As a method for forming the polysilazane film on the surface of the resin formed body, various conventionally known coating methods, for example, a dipping method, a spray method and the like can be mentioned. Also,
A method of thermocompression-bonding a preformed polysilazane film on the surface of the resin formed body can also be adopted.

As a method of obtaining a resin-formed product having a cured film of polysilazane, a resin sheet having a film of polysilazane is used as a forming material, which is processed into a desired shape and then heat-treated or electron beam-treated, or polysilazane. There is a method in which a resin sheet having a coating film is subjected to heat treatment or electron beam treatment and then processed into a desired shape. Considering the processability of the coating, it is preferable to heat the resin sheet having the polysilazane coating into a desired shape and then subject it to heat treatment or electron beam treatment.

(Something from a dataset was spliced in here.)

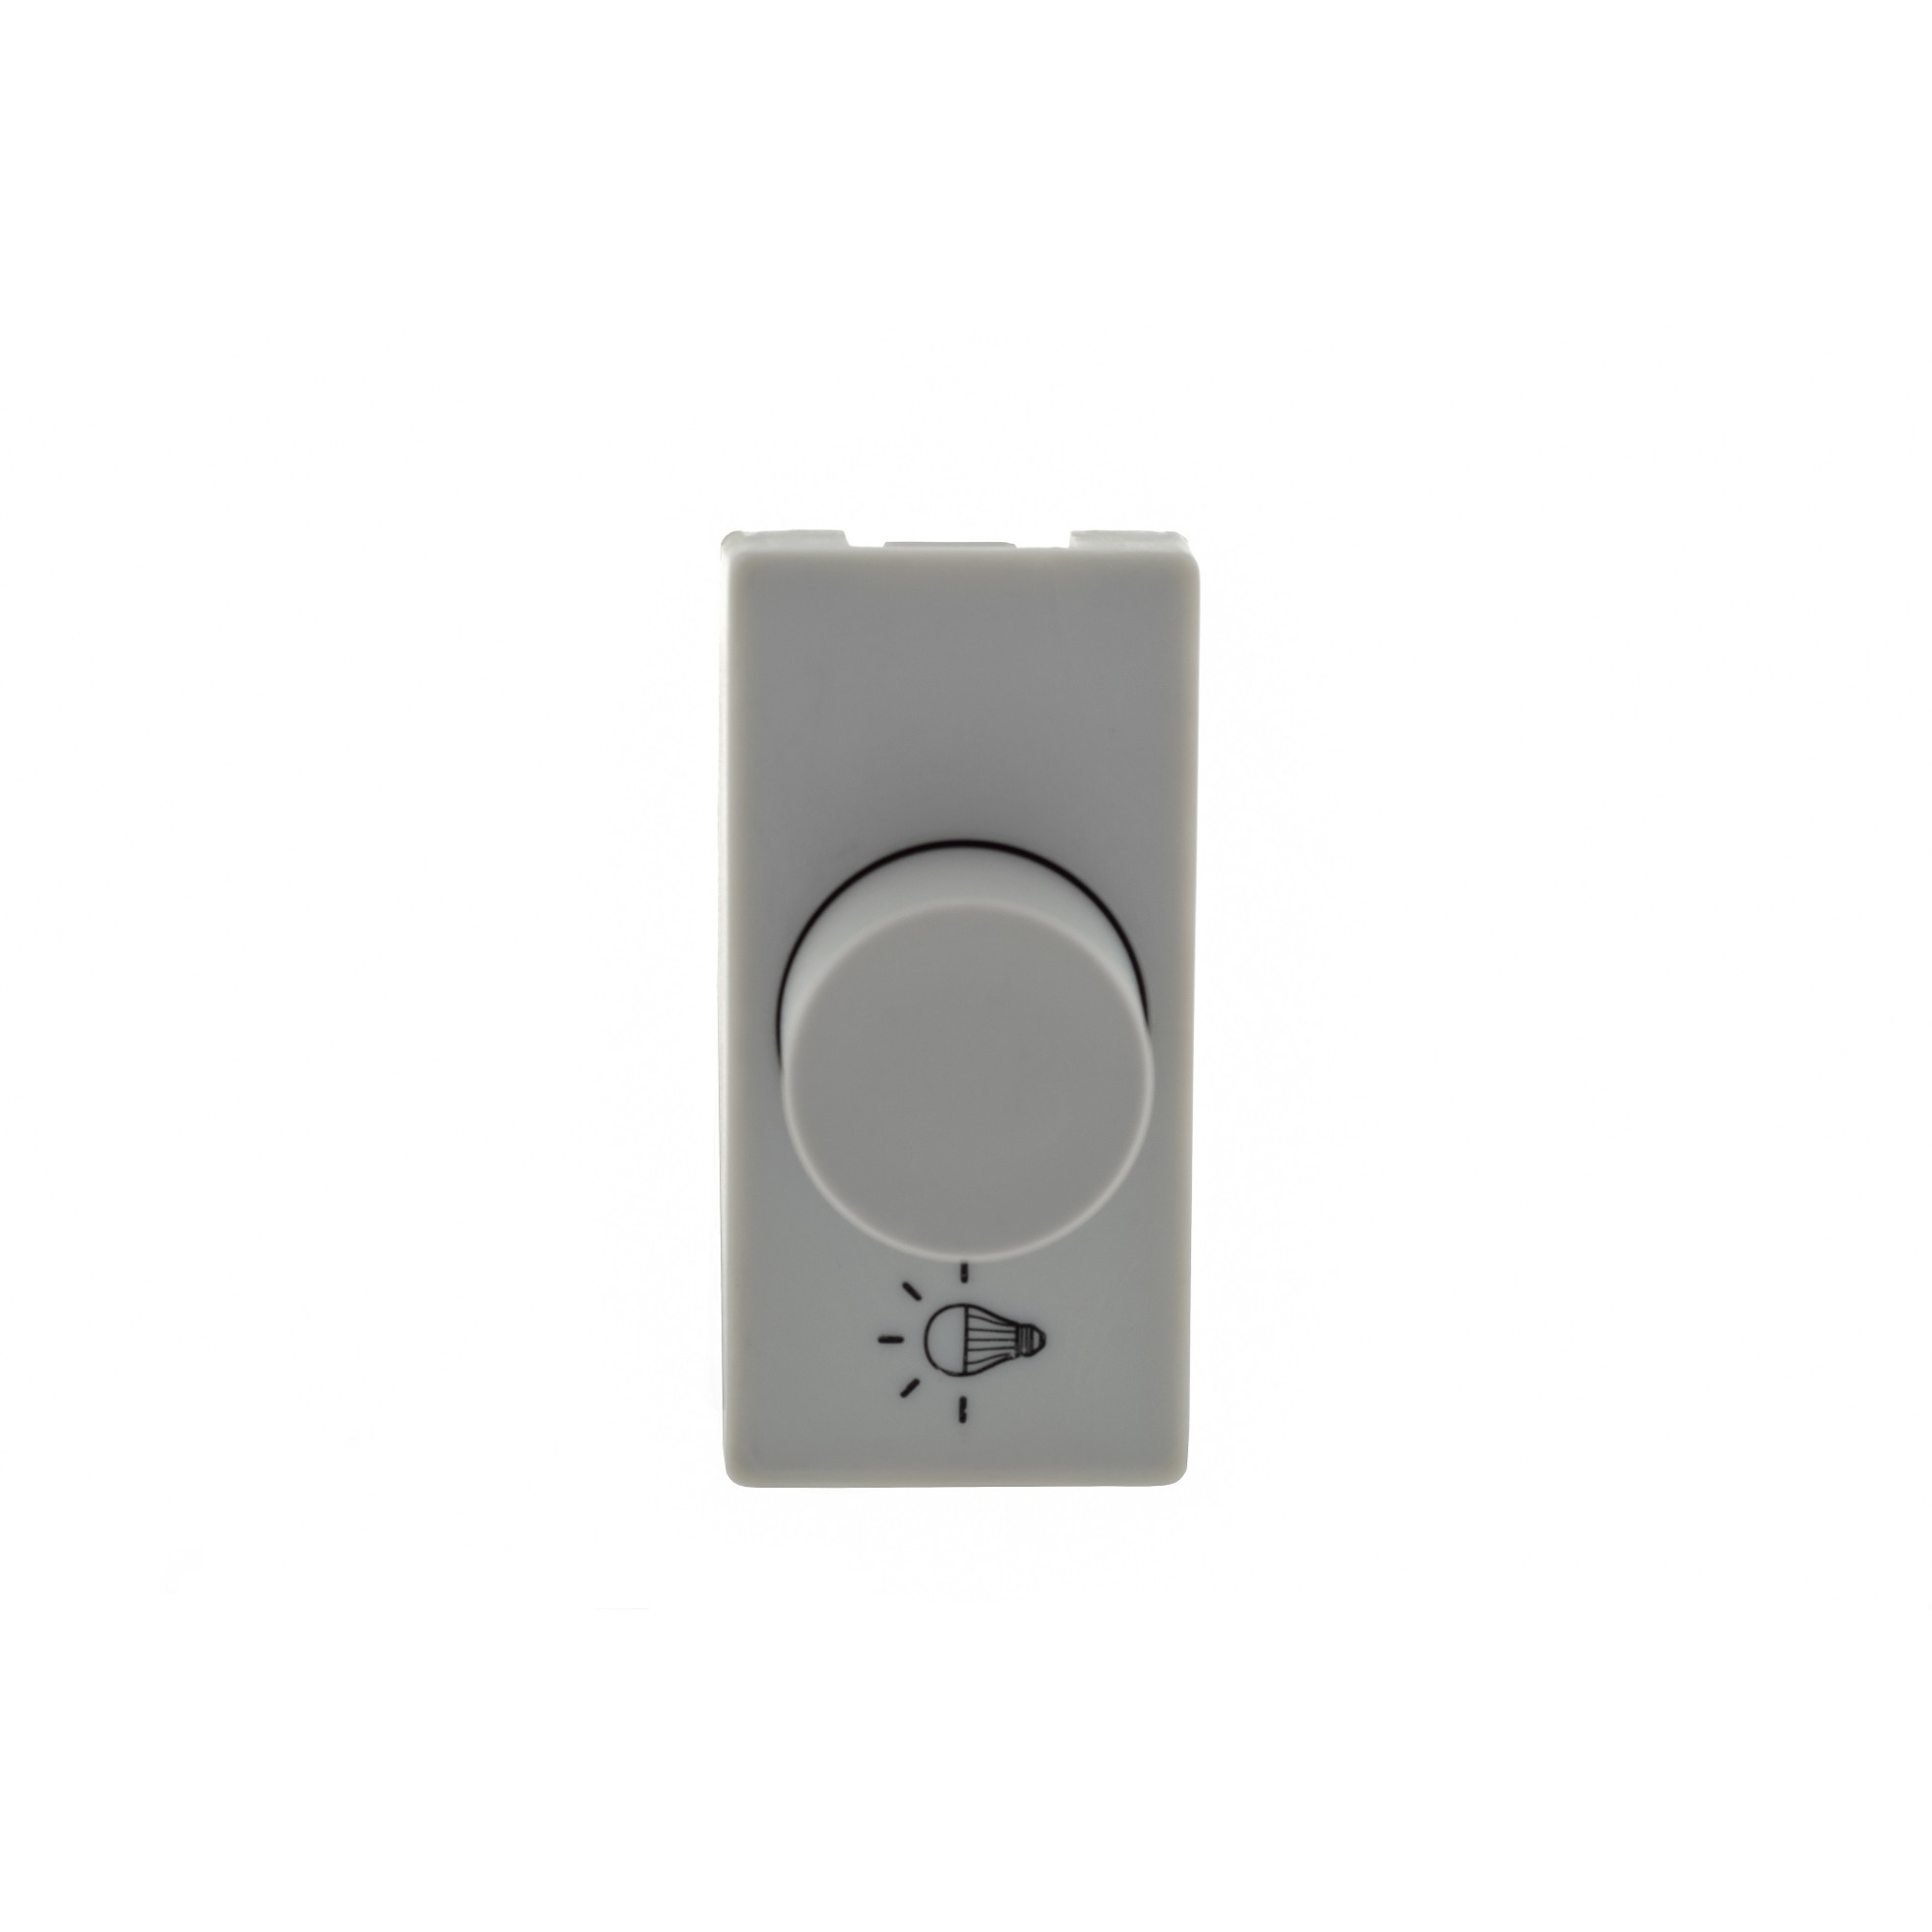 Variador de Luminosidade Rotativo Modular de Embutir Bivolt Cinza Plus - Legrand
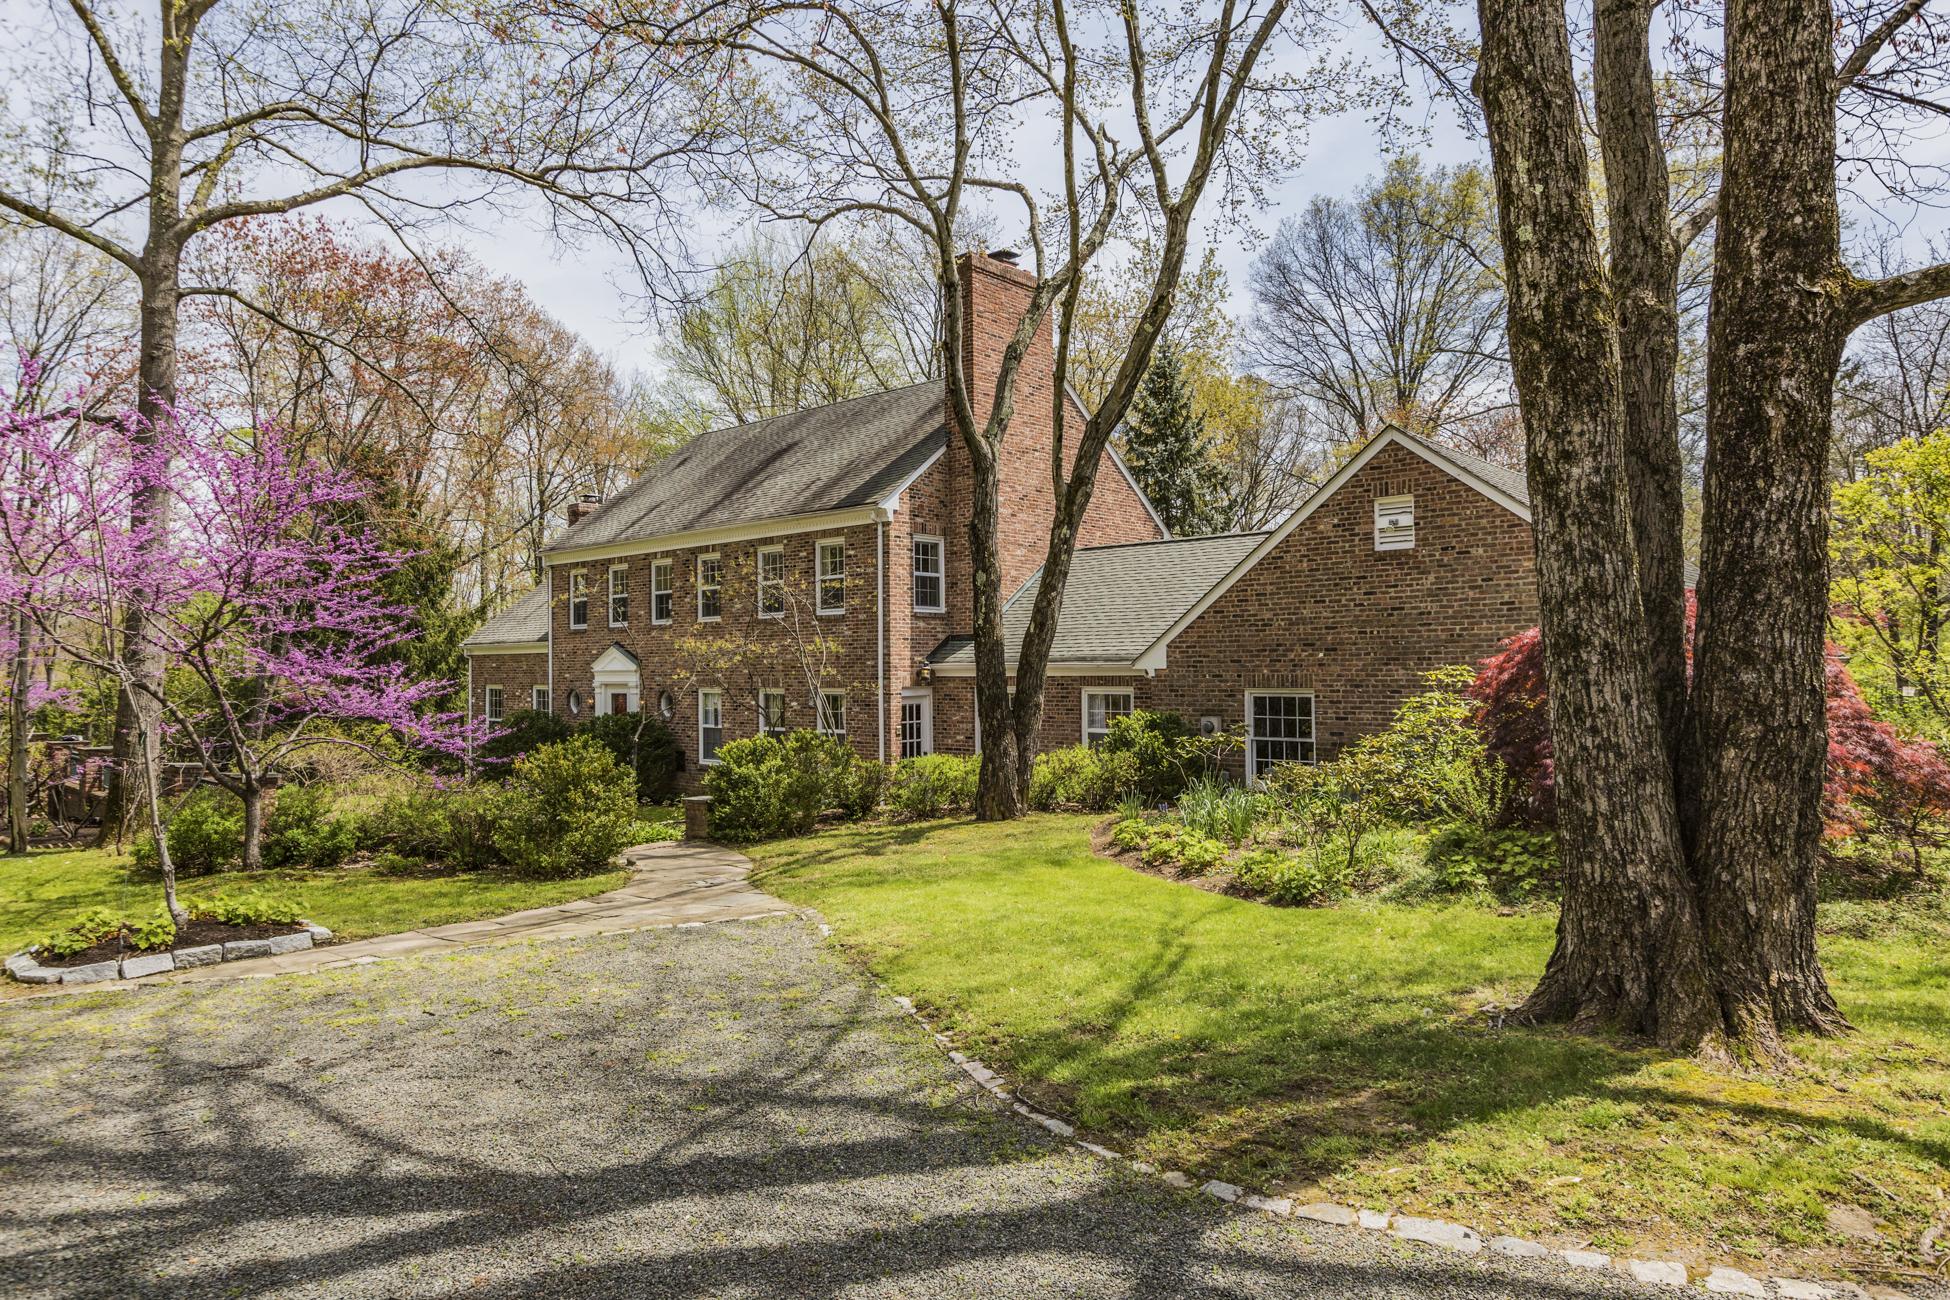 独户住宅 为 销售 在 Garden of Paradise, Nestled in a Princeton Enclave 33 Stuart Close 普林斯顿, 新泽西州, 08540 美国

The polysilazane used as the coating material in the present invention is very excellent in adhesiveness to the resin because the hydrogen atom bonded to the silicon atom or the nitrogen atom acts as active hydrogen. In addition, the polysilazane cured by heat treatment or electron beam treatment has a very high adhesion strength with respect to the resin, and gives a coating having excellent durability.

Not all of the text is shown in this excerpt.